さらに思い出したのは2018年5月25日より施行された「EU 一般データ保護規則 - GDPR(General Data Protection Regulation)」です。これは欧州経済域(EEA。EU加盟28ヶ国+ノルウェー、アイスランド、リヒテンシュタイン)に居住する市民の個人データ、およびEEAを本拠として収集された個人データの管理と移転に関する規則で、個人データをEEA域外に移転することが原則禁止されます。さらに「データ主体に認められる8つの権利」が明文化されています。データ主体とは個人データを提供する(個人データを収集される)一般市民です。
8つの権利でも特に重要なのは「削除権」で、データ主体は自分に関する個人データを削除するよう、データ管理者に要求できます。いわゆる「忘れられる権利」です。
さらにデータ主体は「プロファイリングを含む自動処理によって個人についての決定がなされない権利」を持ちます。プロファイリングとは「個人データを自動処理することによって、個人のある側面、特に仕事の実績、経済状況、健康、嗜好、関心、行動、所在、移動などを分析・予測する」ことです。また「個人についての決定」とは法的な決定、ないしはそれと同等に個人にとって重要な決定です。本書には「教師評価システム」によって解雇された事例がありましたが(1番目に紹介した事例)、もしGDPRがアメリカにあったとしたらこのような解雇は無効になるに違いありません。
GDPRを本書の視点から見ると「数学破壊兵器の野放図な増殖を食い止めるための規制」というのが、その(一つの)意味でしょう。
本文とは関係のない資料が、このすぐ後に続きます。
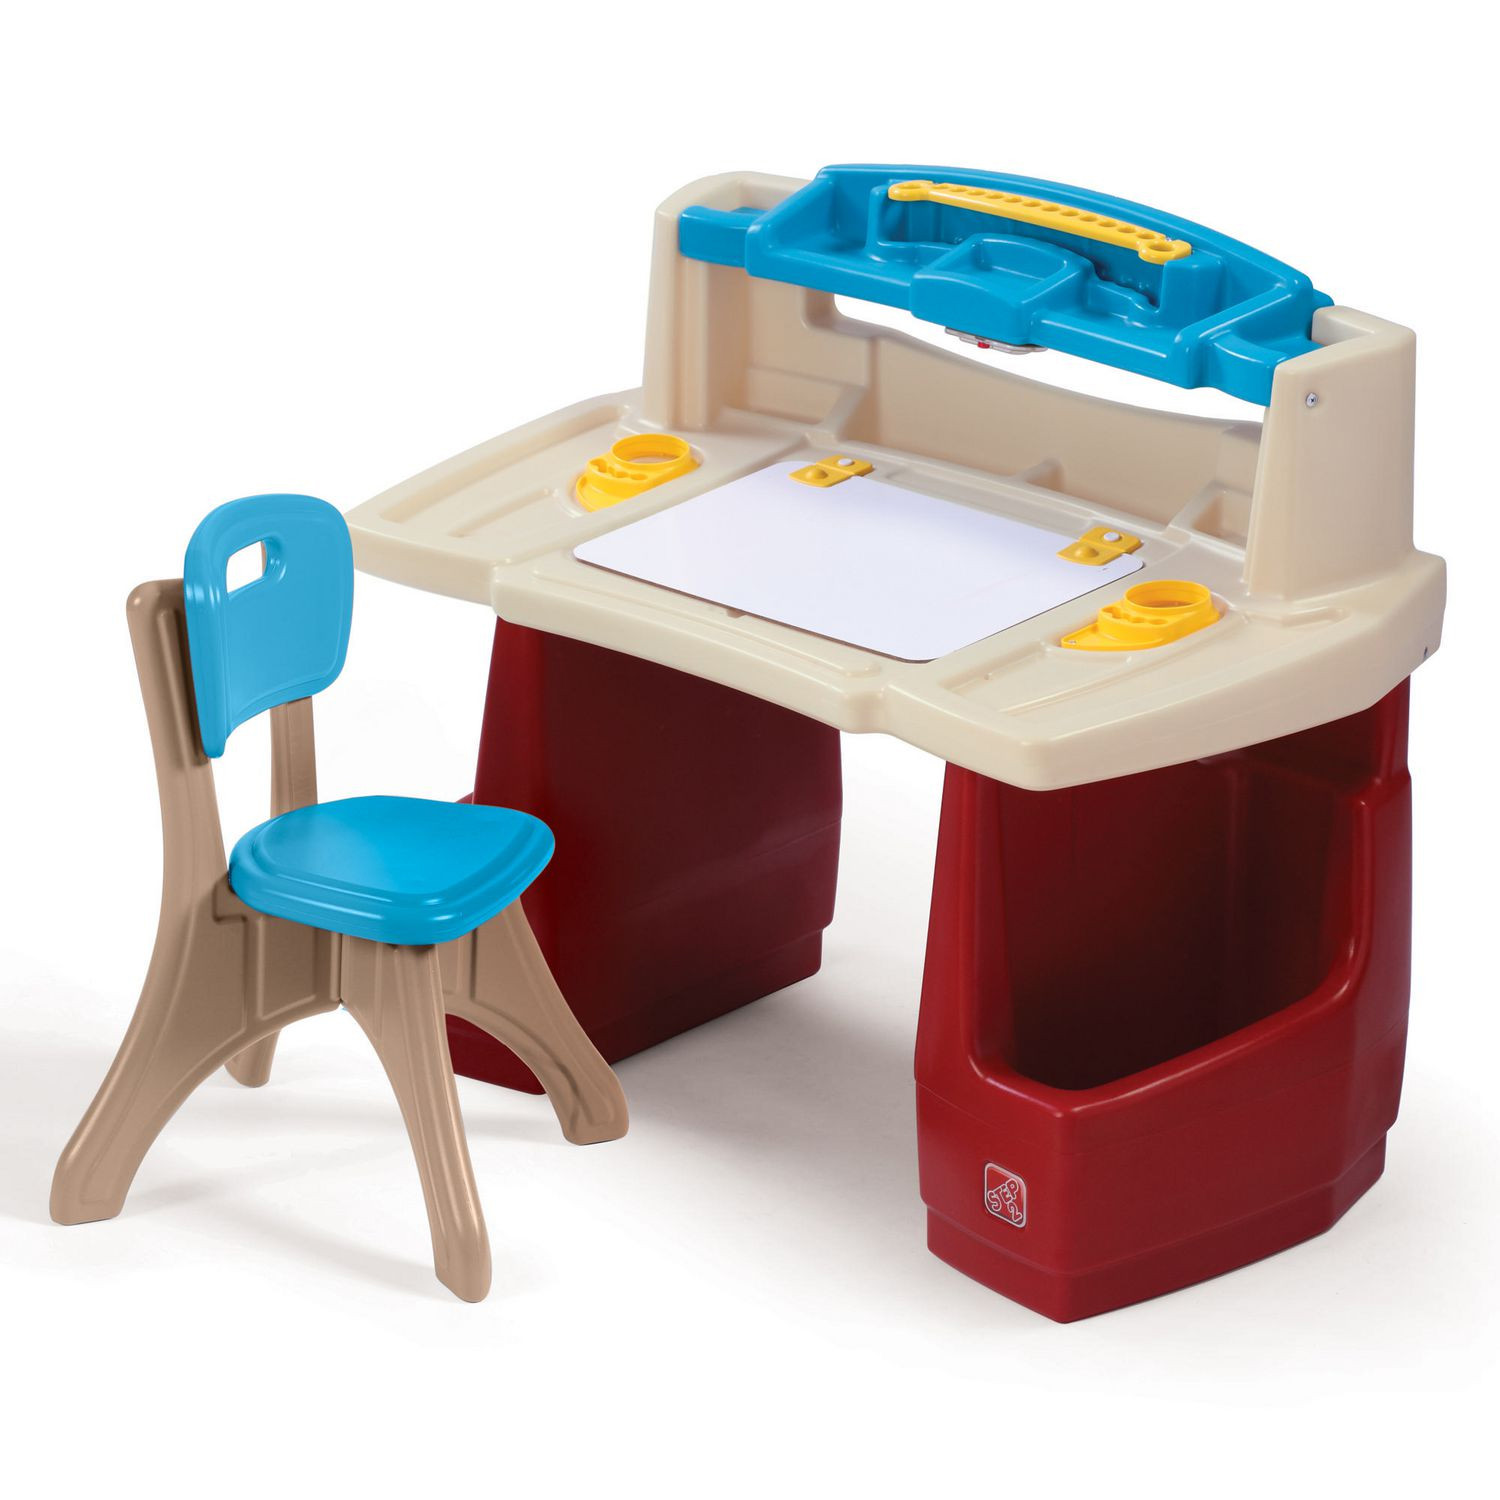 Kids Art Desk With Storage
 Step2 Deluxe Art Master Desk Kids Art Table with Storage

また、個人データを独占しているアメリカの巨大IT企業の活動を制限する意図が透けて見えます。
キャシー・オニールの本「破壊兵器としての数学 - ビッグデータはいかに不平等を助長し民主主義を脅かすか」と、フランスの「AI立国宣言」、EUのGDPR(一般データ保護規則)の3つは、一つの水脈でつながっていると思いました。